Tunisiens, tunisiennes, soyez vigilants !

“Lorsqu’un jour le peuple veut vivre, force est pour le destin de répondre, force est pour les ténèbres de se dissiper, force est pour les chaînes de se briser.” Les chaînes qui étranglaient les tunisiens sont aujourd’hui brisées. Et le buste, gravé dans la roche de la région de Tozeur en Tunisie, du poète tunisien Abou Al-Kassem Al-Shabbi à qui appartient ce vers, pourrait devenir bientôt un site de pèlerinage pour dix millions de tunisiens. La joie immense et sans nul doute immesurable des tunisiens, restera elle, un bonheur pour tous ceux épris de liberté.

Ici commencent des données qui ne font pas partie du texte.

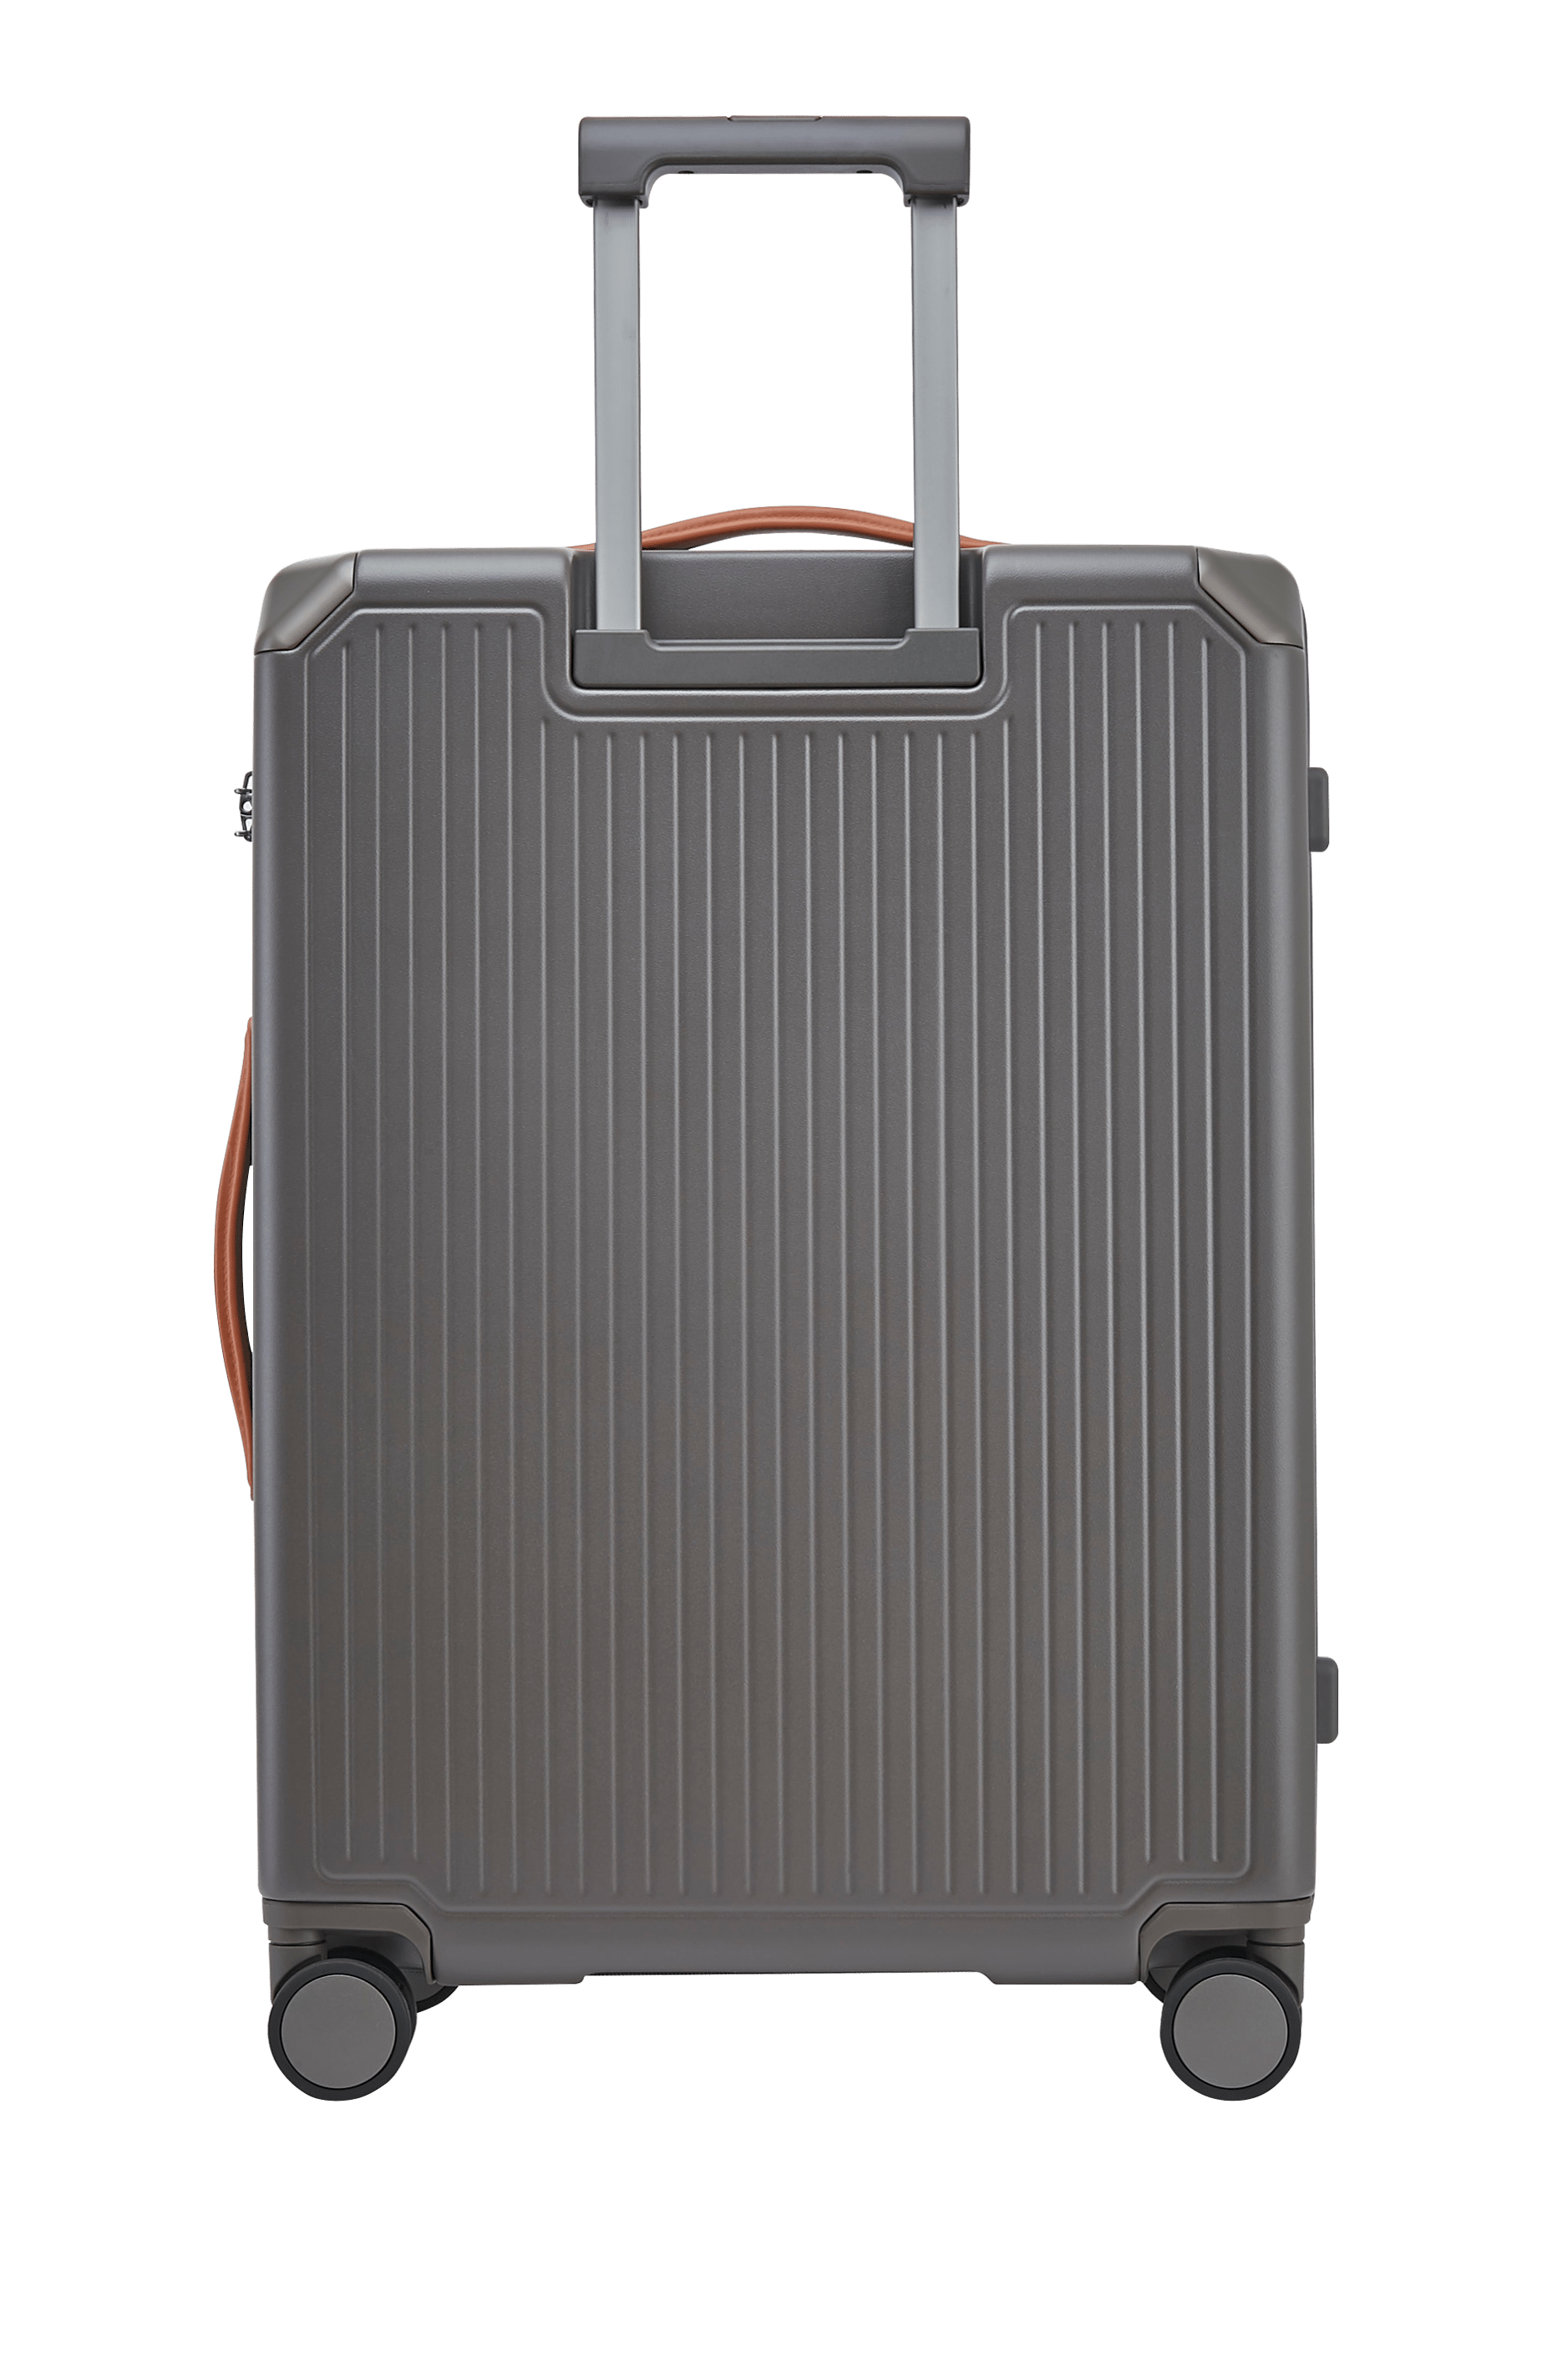 Echolac Shogun 24" 4 Double Wheel Check-In Luggage Trolley Grey - PC148 24 Grey

Zine Abedine Ben Ali ainsi que sa proche famille, ont donc été chassés de leur palais doré de Carthage. Prenant son courage à deux mains, le peuple tunisien s’est débarrassé de leur dictateur et par là même, mis fin à vingt-trois ans de souffrance (du 7 novembre 1987 au 14 janvier 2011), de peur, d’humiliation, de terreur et j’en passe. L’Histoire retiendra que ce dictateur aura fui le pays suite à un mouvement pacifique provenant de la rue. Une fuite que Ceausescu n’avait pas réussi à prendre il y a vingt ans. Mais quelle ironie pour cet homme qui accéda lui-même au pouvoir par un coup d’état soft en déclarant l’ancien président Habib Bourguiba sénile !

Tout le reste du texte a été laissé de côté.